Десять лет спустя Мейерхольд, отбиваясь от упреков в формализме, представлял дело так, будто своей постановкой «Леса» он подготовил появление «Горячего сердца» на сцене МХАТ. «Не было бы и превосходнейшего спектакля “Горячее сердце” Константина Сергеевича Станиславского в МХАТ, — говорил Мейерхольд, — если бы до этого не было “Леса”»5. Тут не было уже той скромности, что на давнем просмотре в ГосТИМе, но и вовсе безосновательным счесть сказанное нельзя. Луначарского радовало, например, что «седовласый Станиславский, великий мастер театра, не побоялся продвинуться к приемам Мейерхольда в “Лесе”»1, он охотно признал «несомненное мейерхольдовское влияние в великолепной постановке “Горячее сердце” нашего старого мастера Станиславского»2. Великие умы сходятся, сказал мудрец.
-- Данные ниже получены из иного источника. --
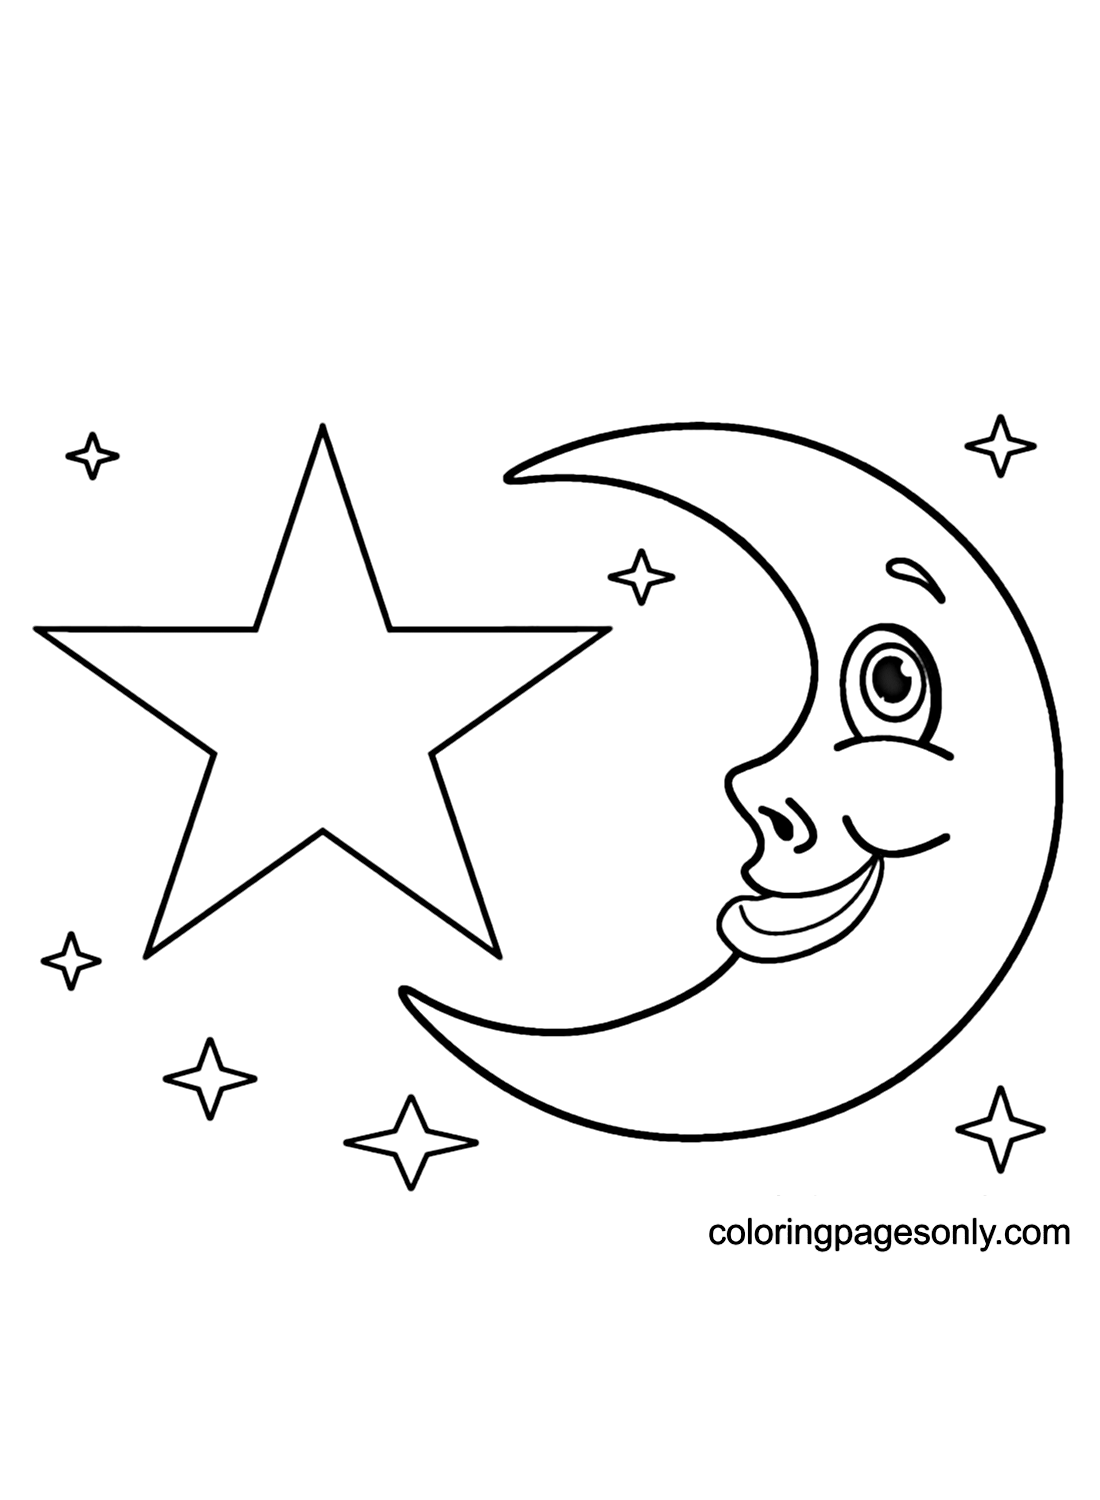 Stars and Moon Coloring Page

МХАТ в «Горячем сердце» не поднял утверждающей темы Островского так, как это сделал в «Лесе» Мейерхольд, верх взяла сатира, но его негласное, внутреннее состязание со спектаклем ГосТИМа было в целом плодотворно для искусства. МХАТ доказал, что новый подход к классике не обязательно предполагает перемонтаж текста и ревизию характеров. Классическая пьеса может современно звучать на советской сцене и в своей подлинности, с нетронутым текстом, — важно творчески осмыслить текст, увидеть сегодняшний поворот содержания в соответствующей художественной форме. Поиски здесь безграничны. Мысль Станиславского на этот счет приводилась чуть раньше. Воплощенная в «Горячем сердце», она дала результат высокой самостоятельной ценности.

{256} Во многом экспериментальный характер имел и спектакль «Женитьба Фигаро». Станиславский отобрал для комедии Бомарше преимущественно молодежь. Одной из задач была отработка и выверка принципов «системы». Отвергая разнарядку актерских амплуа, режиссер требовал от исполнителей, чтобы они умели оправдать изнутри любые поступки и реплики, добивался логики чувств, естественности поведения во всяком художественном конфликте. Конфликт этого спектакля проходил по линии социальных противостояний, и постановщик хотел, чтобы на сцене, оформленной А. Я. Головиным, великолепные графские покои контрастировали с бедной обстановкой подвала башни и т. п. Станиславский настойчиво просил художника дать такие контрасты, чтобы выделить «ту основную разницу, которая нужна для пьесы»3. С этой целью акты были разбиты на эпизоды, сословные верхи и низы сопоставлялись наглядно.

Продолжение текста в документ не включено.